■ DIRECTIONS
Return the lines below exactly, please, from the one containing "Hohe Rückenlehnen mit" through the last one, both included, and leave out any pictures.
──────── AVAILABLE DATA ────────
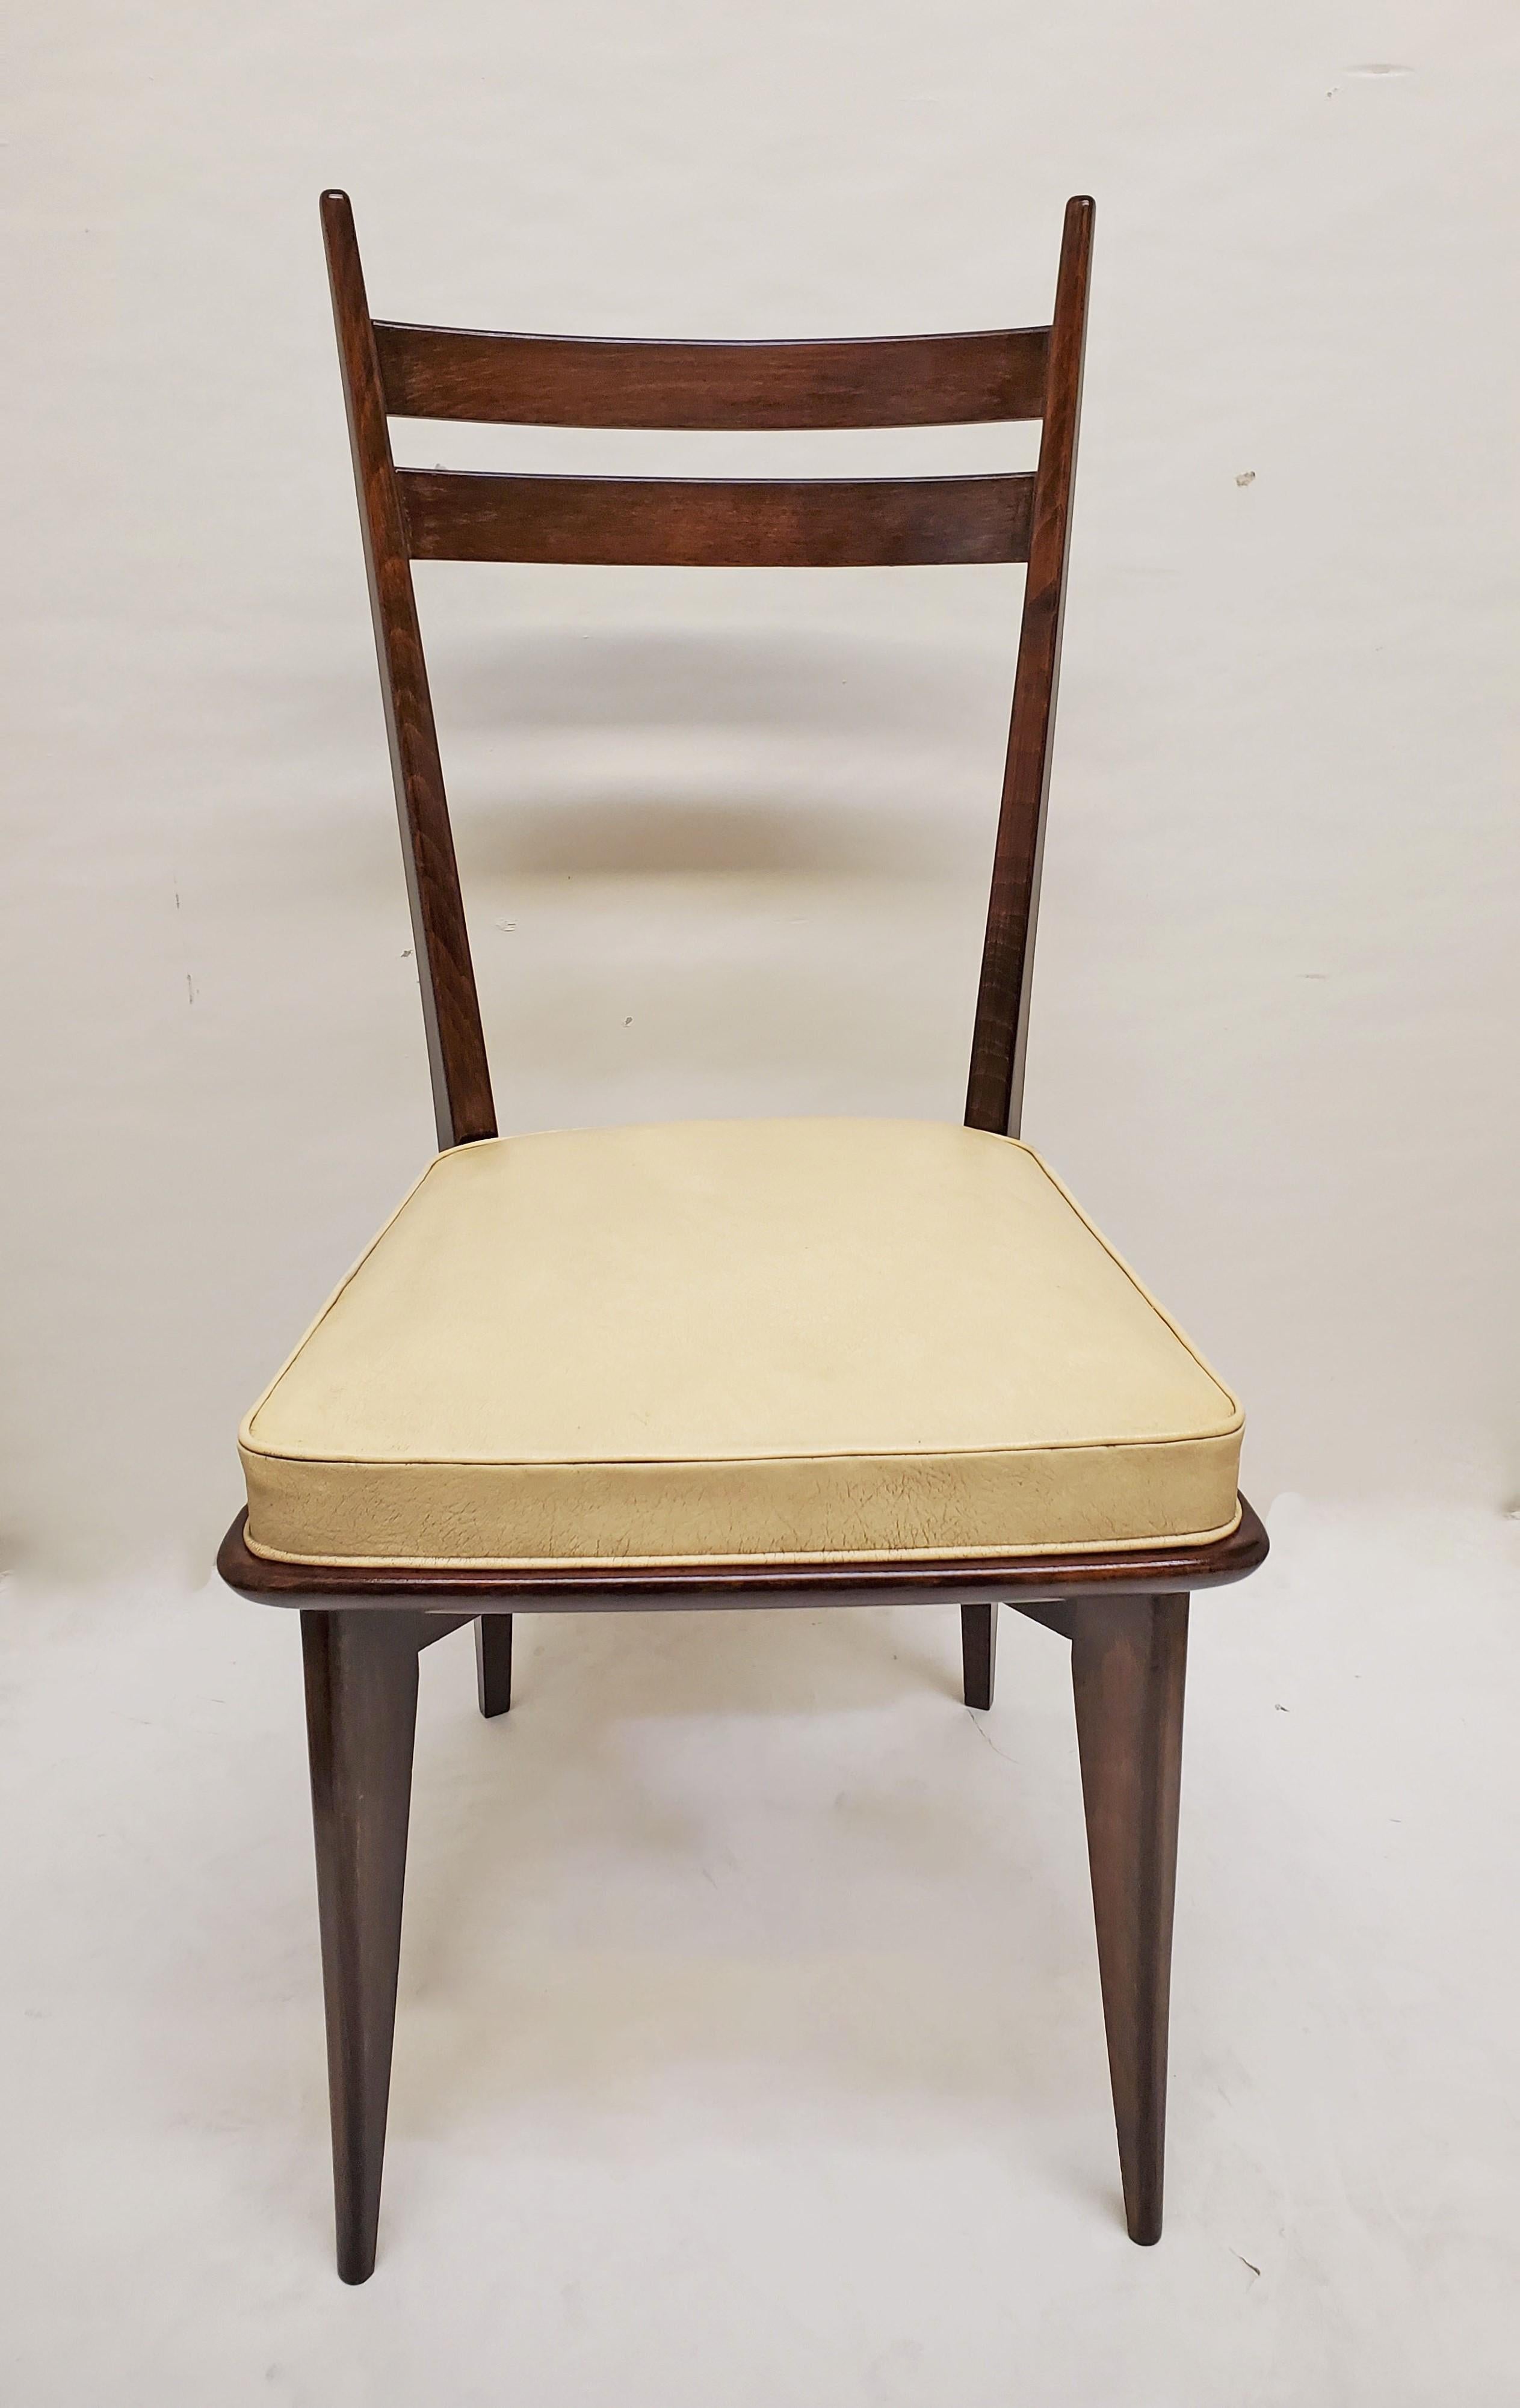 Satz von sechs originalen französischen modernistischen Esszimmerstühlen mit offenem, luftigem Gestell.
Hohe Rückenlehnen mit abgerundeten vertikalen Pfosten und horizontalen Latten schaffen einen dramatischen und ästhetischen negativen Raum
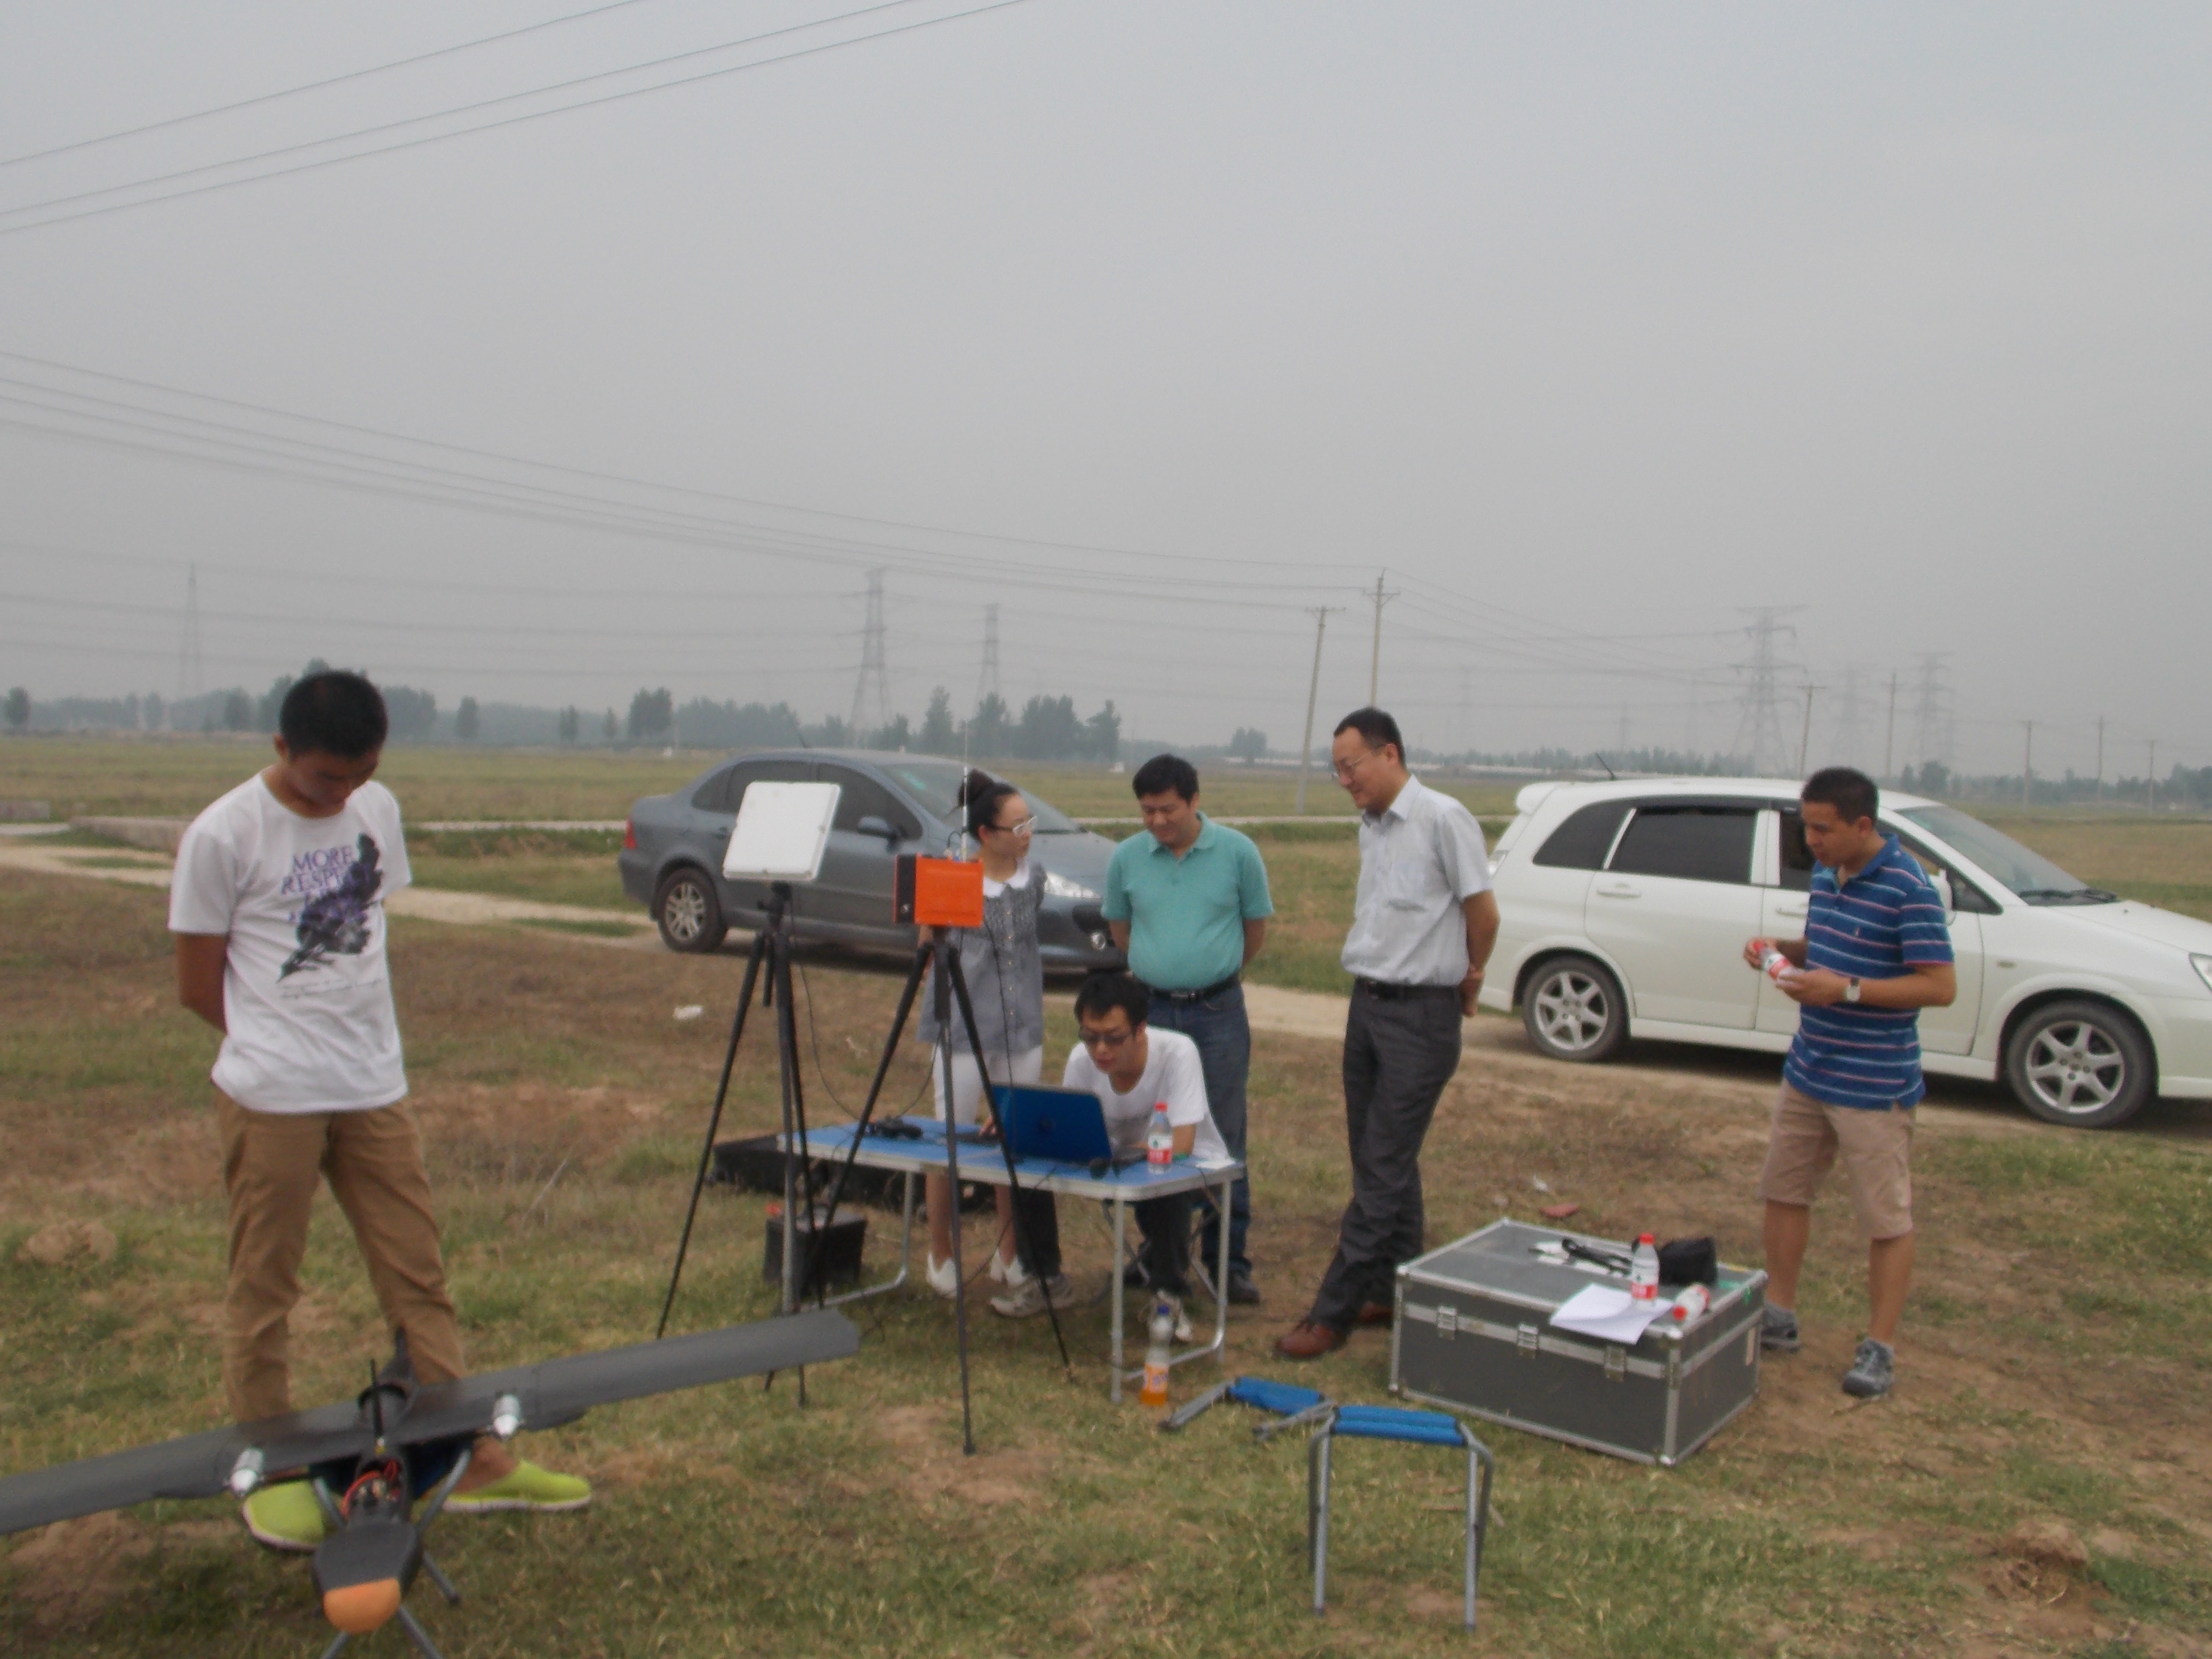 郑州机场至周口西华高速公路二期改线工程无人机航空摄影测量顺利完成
────────
■ RESULT FOR THIS TASK
Hohe Rückenlehnen mit abgerundeten vertikalen Pfosten und horizontalen Latten schaffen einen dramatischen und ästhetischen negativen Raum
 郑州机场至周口西华高速公路二期改线工程无人机航空摄影测量顺利完成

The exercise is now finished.